Скамейку придвинули к самому окну и поудобнее уложили больную на подушках. Она широко открыла глаза и жадно глядела в сад.
Из сада несся пряный аромат последних осенних цветов и прелого листа. На боярышнике краснели ягоды. Блестела радугой паутинка бабьего лета.
— Принесите… цветов… — прошептала царица.
Сенные девушки со всех ног бросились в сад. Дуняша, желая ободрить царицу, сказала ласково:
— Государыня царица, государь очень скручинился, на тебя глядючи… Скорее поднимайся; сама слышала, что говорил лекарю: «Озолочу, как поправишь царицу».
В иное время Мария от этих слов вся расцвела бы улыбкою: теперь она не пошевелилась. Ей было совершенно все равно, скучает ли о ней ее прежний повелитель или просто к ней равнодушен; далеко были ее мысли…
С цветами на коленях лежала она у окна; ветерок шевелил прядки волос ее. Рядом лежал снятый венец. Руки ее перебирали стебли цветов, а глаза были закрыты, и на мертвенно-бледных щеках ярко горели два пятна.
Солнце заходило. У царицы начинался опять мучительный озноб. Боярышни захлопнули окошко. И стало темно и печально в светлице.
Тяжело дышала больная царица; теребила она руками соболье одеяло; широко раскрытыми глазами вглядывалась в глубь покоя, и жадно глотала воздух, и все еще ловила руками рассыпавшиеся по одеялу цветы…

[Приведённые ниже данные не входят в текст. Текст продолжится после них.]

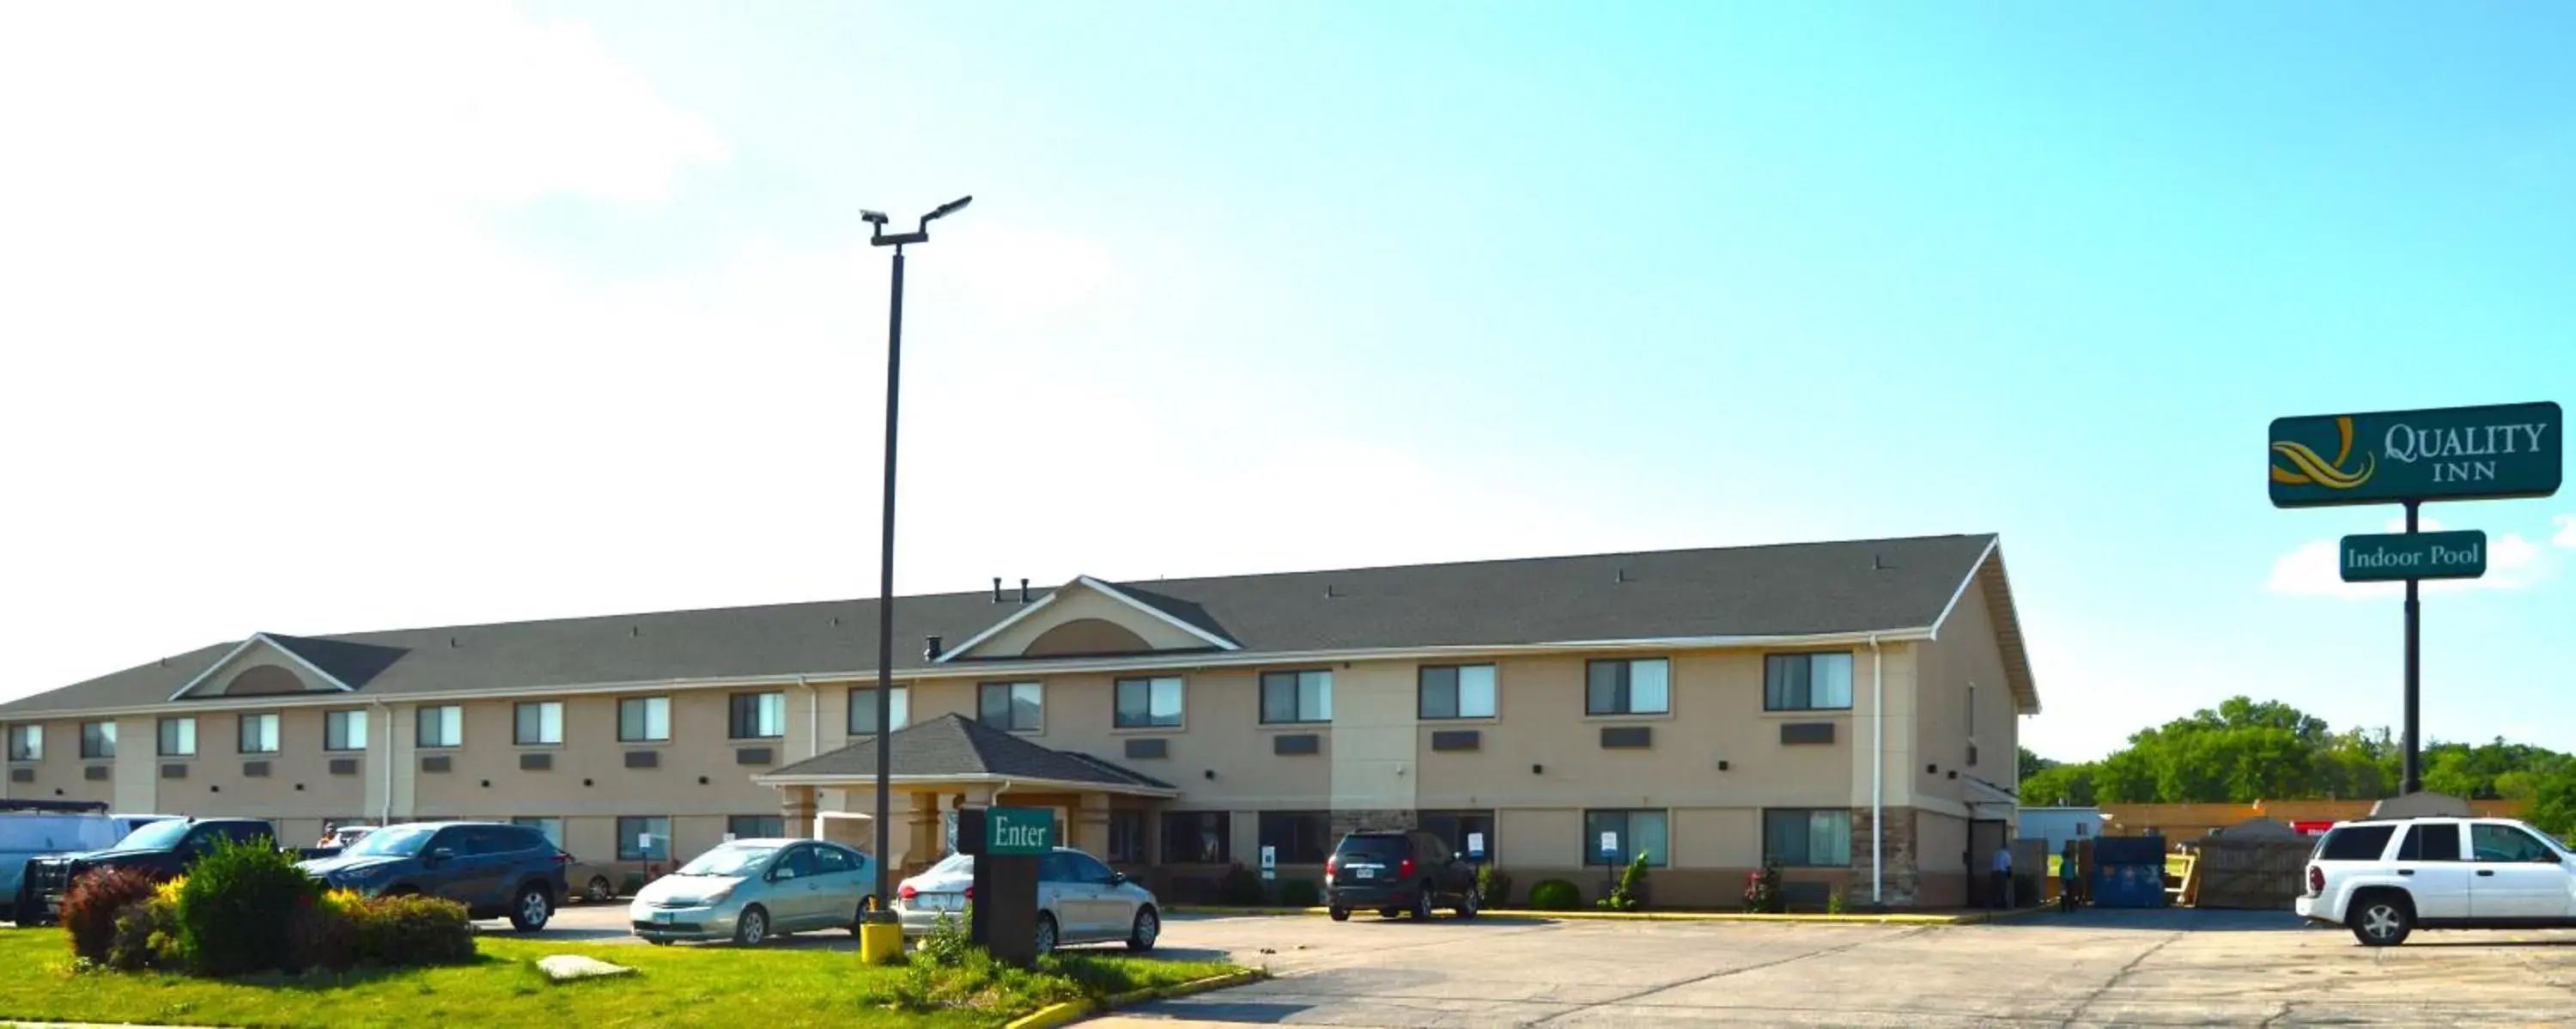 Property Building in Quality Inn - Coralville

Царь, царский дворец, сенные девушки, светлица — все куда-то исчезло, будто она здесь никогда не жила; перед глазами ее было далекое родное небо, и яркое солнце, и вольный крик степных орлов, и розы, розы без конца… Перед нею были расшитые халаты князей и ковры раззолоченные, и дым кальяна… Перед нею был тихий звон фонтана во дворце ее отца и веселый смех его жен, купающихся в белом мраморном бассейне, и звуки зурны, тихие, протяжные, хватавшие за душу… и пляска… И вдруг почему-то встал образ веселого Утемиш-Гирея, казанского бедного царевича Александра, что умер, зачахнув, совсем молодым. И она, начавшая забывать все языки, кроме русского, вдруг крикнула по-татарски, протягивая руки вперед:
— Салам Алейкум, гяль бара, аралым![36]
Сенные услышали этот гортанный крик и переглянулись. Ах, грех какой, опять затараторила царица по-басурмански! Сколь волка ни корми — он все в лес глядит!
А царица уже видела себя маленькой девочкой, черномазой, черноволосой, с пятнадцатью косичками, переплетенными жемчужными нитями. Она рвет розы в саду своего отца, и звенит, и рассыпается ее смех, как струйки фонтана по мраморному ложу.
— Лови, лови меня, царевич! Лови!
И звенит бубен, и вертится она в бешеной пляске, и прыгают ее пятнадцать черных кос, черных змеек, по плечам.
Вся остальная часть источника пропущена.